Excerpted records =>

════════

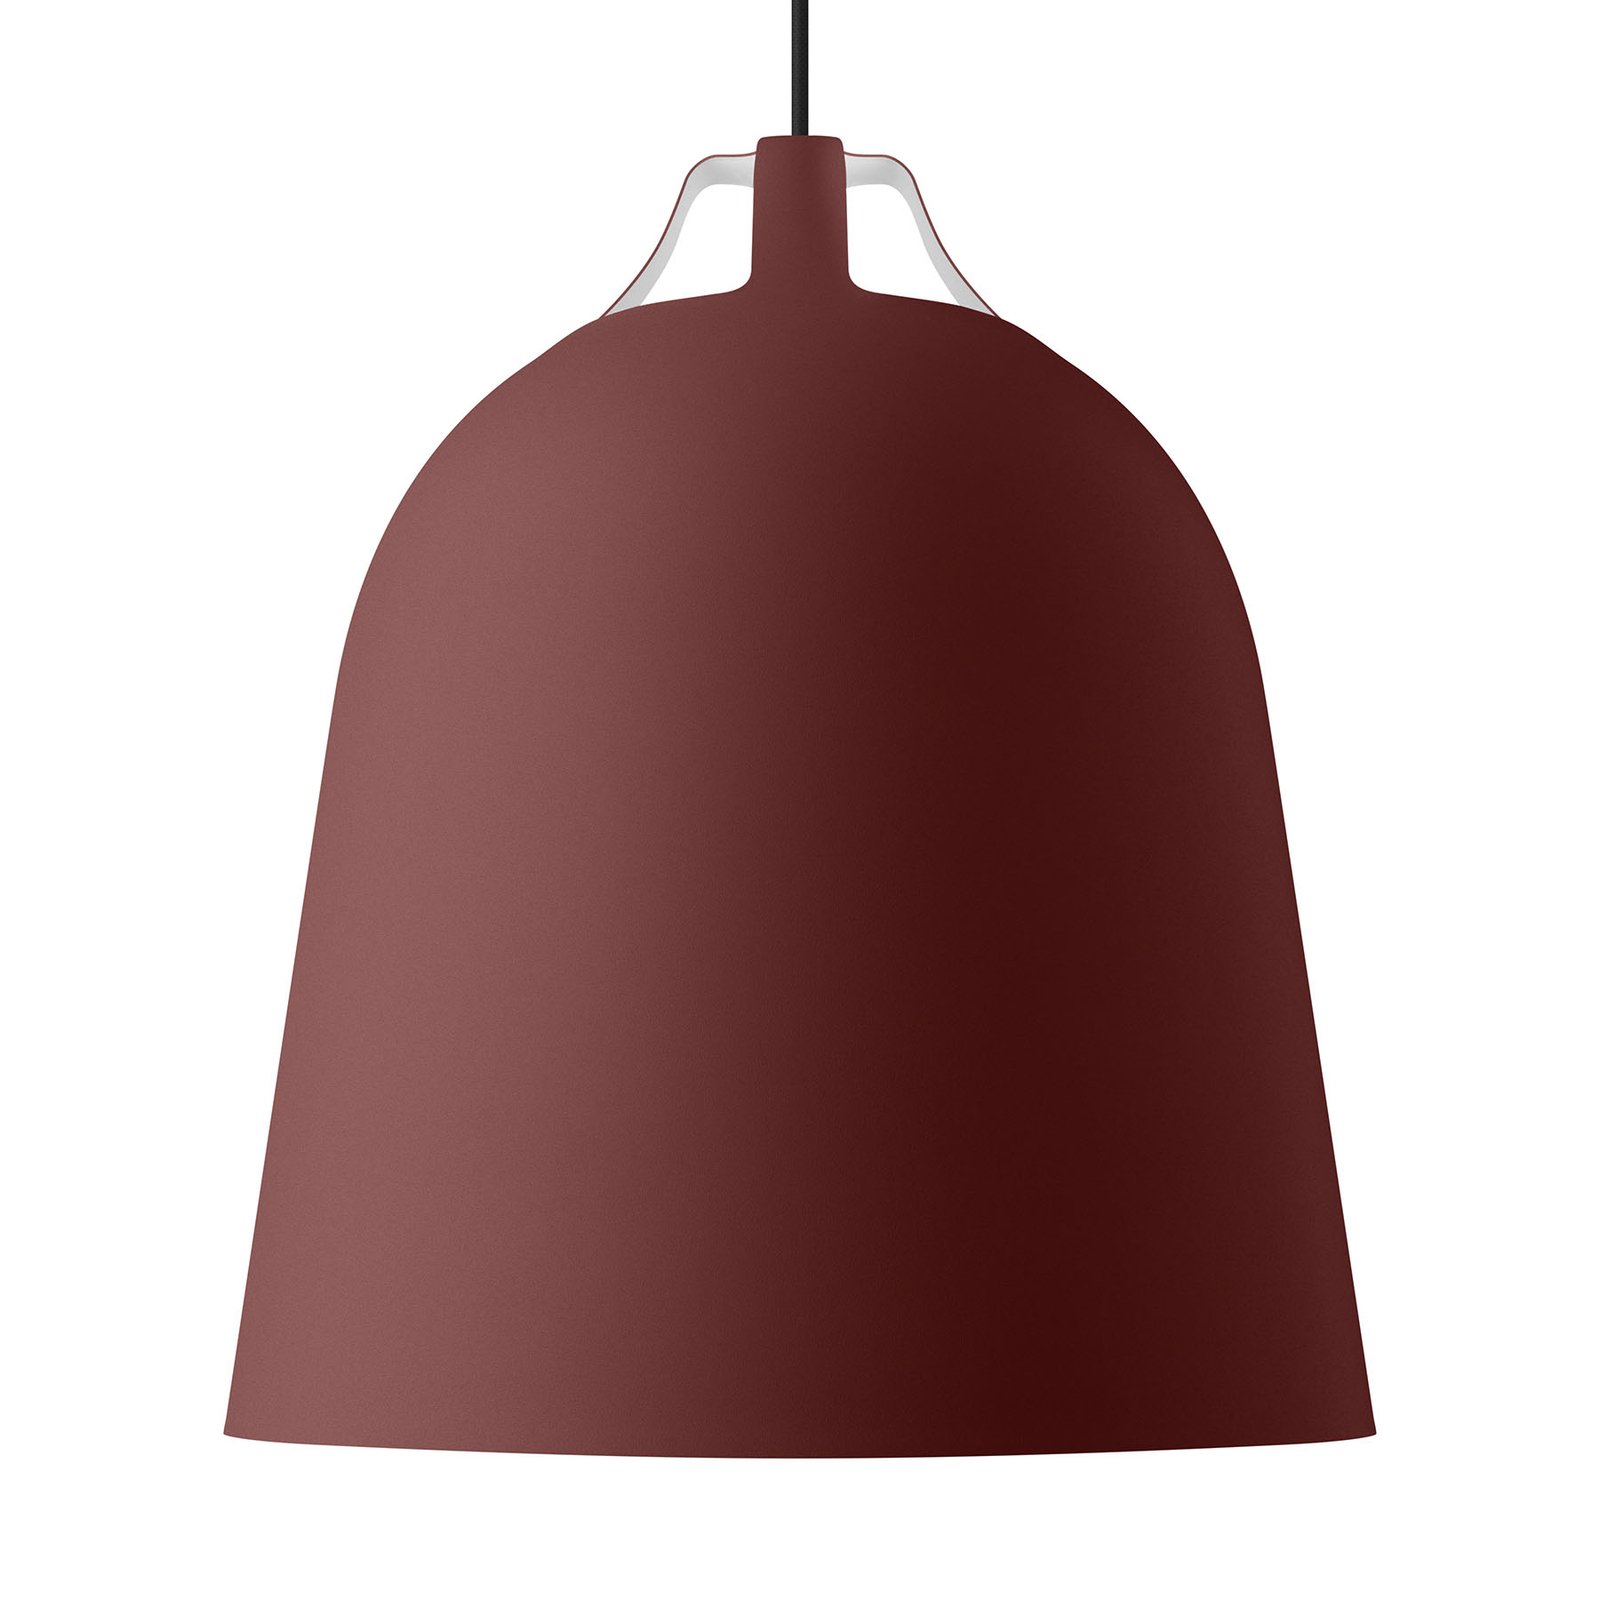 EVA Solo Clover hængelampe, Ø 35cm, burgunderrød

════════

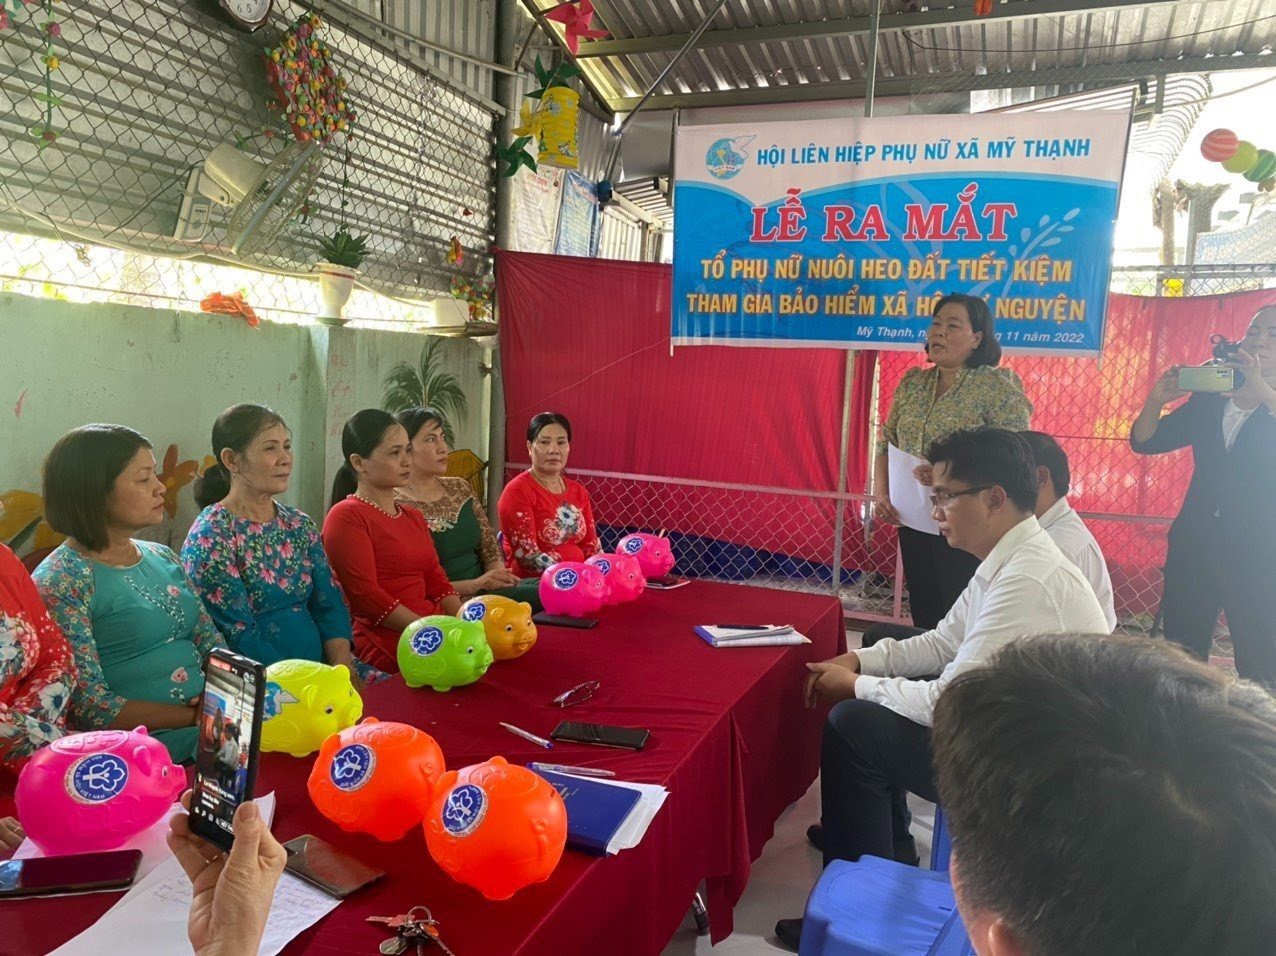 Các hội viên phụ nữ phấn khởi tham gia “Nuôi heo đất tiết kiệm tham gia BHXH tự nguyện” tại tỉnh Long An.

════════

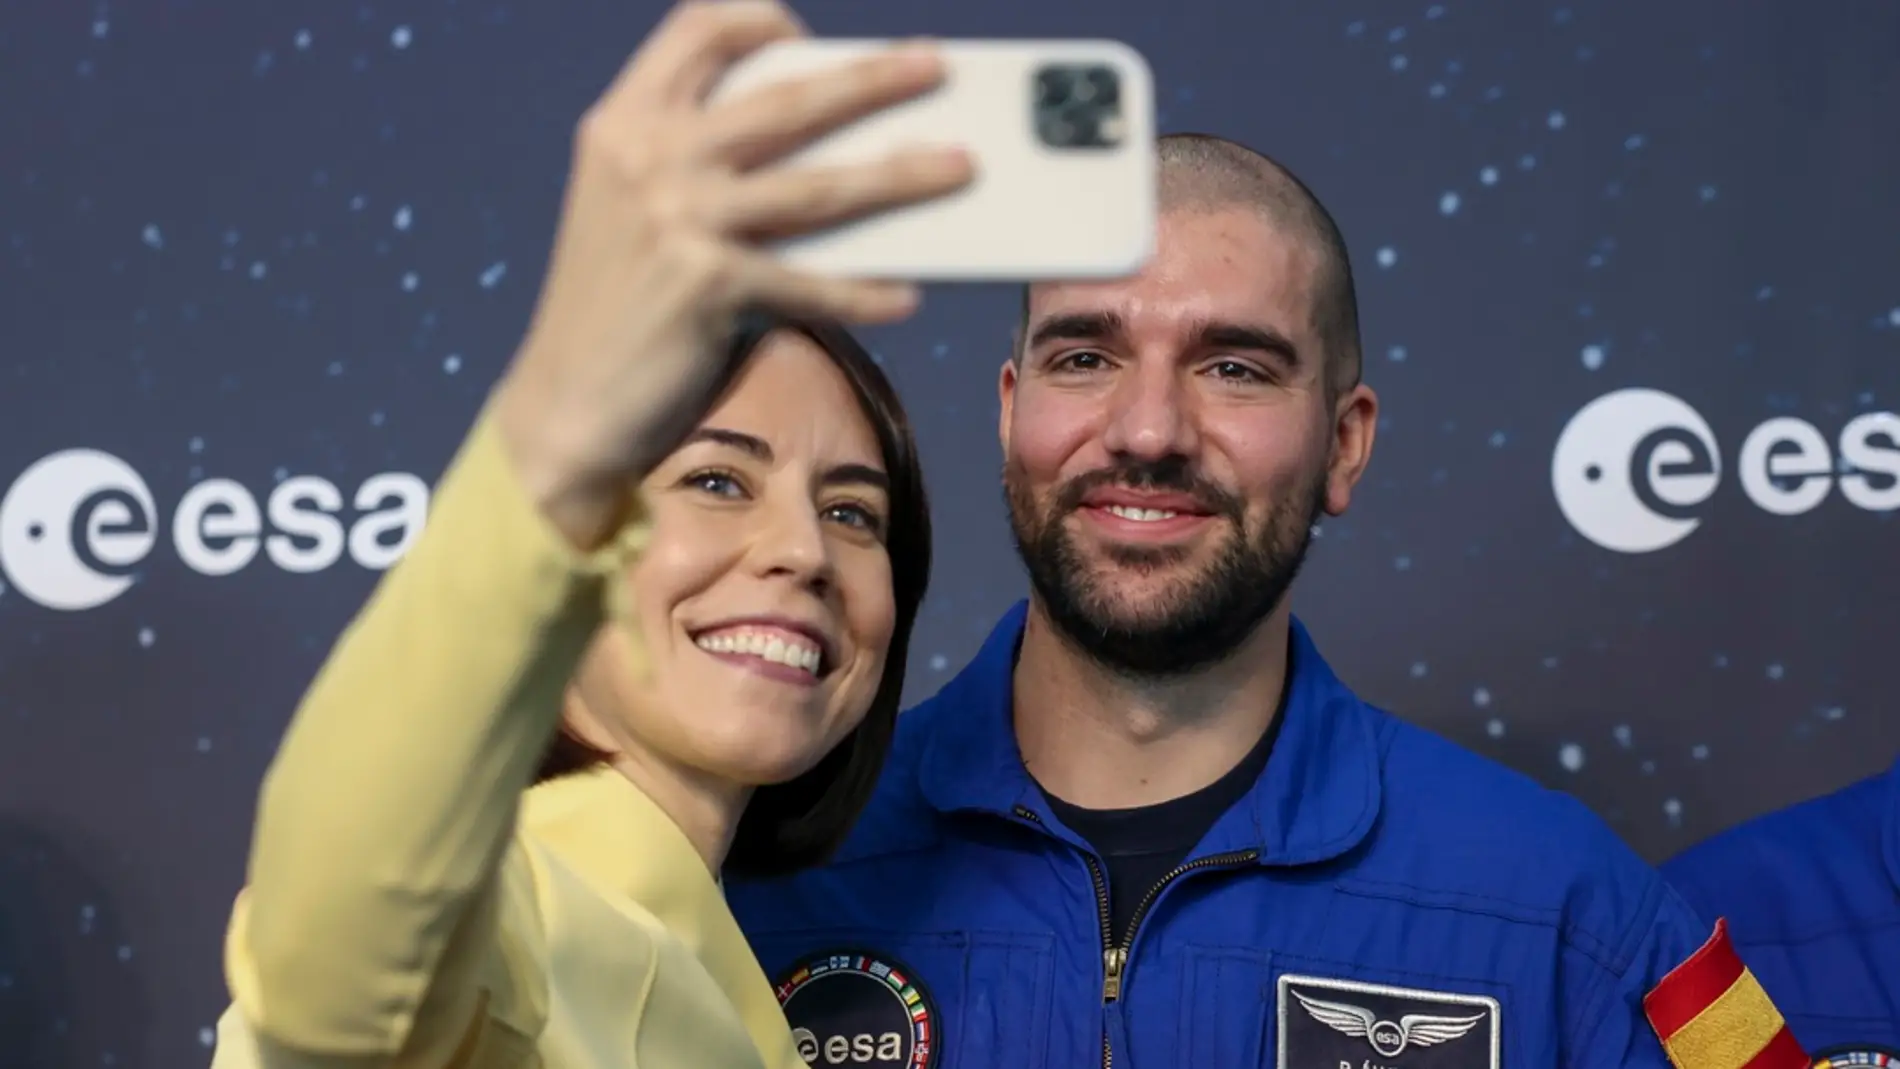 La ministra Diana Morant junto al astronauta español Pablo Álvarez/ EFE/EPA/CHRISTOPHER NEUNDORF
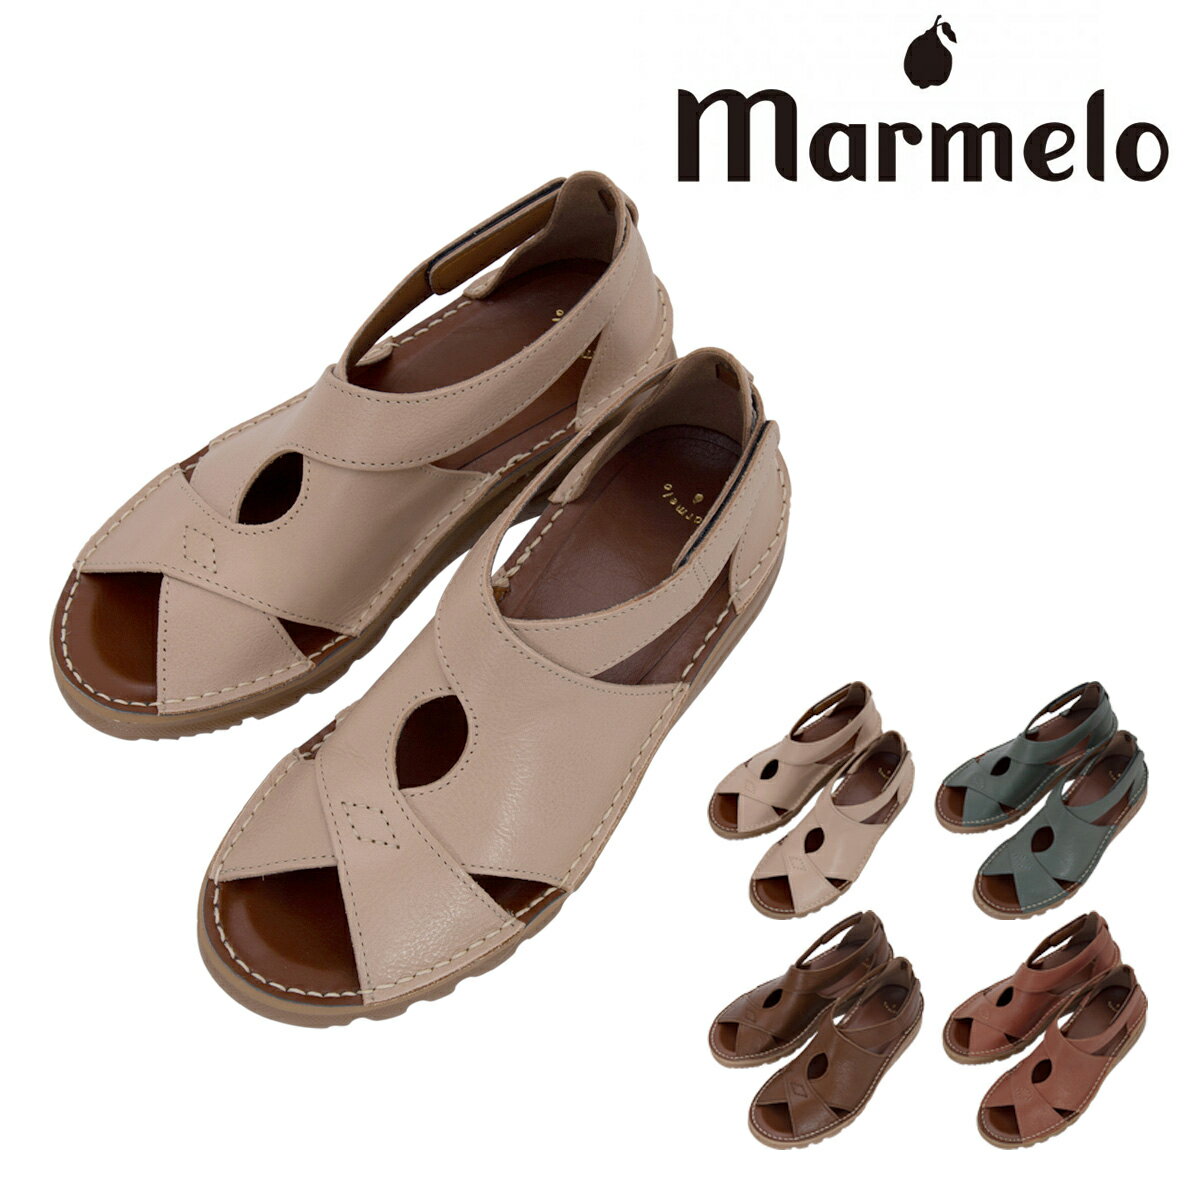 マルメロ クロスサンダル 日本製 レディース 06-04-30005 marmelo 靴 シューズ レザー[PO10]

════════

Task description =>
Using the material above, transcribe exactly the lines from the one holding "La ministra Diana" to the one holding "マルメロ クロスサンダル 日本製", both ends kept. Do not carry over any pictures.

Finished task =>
 La ministra Diana Morant junto al astronauta español Pablo Álvarez/ EFE/EPA/CHRISTOPHER NEUNDORF
 マルメロ クロスサンダル 日本製 レディース 06-04-30005 marmelo 靴 シューズ レザー[PO10]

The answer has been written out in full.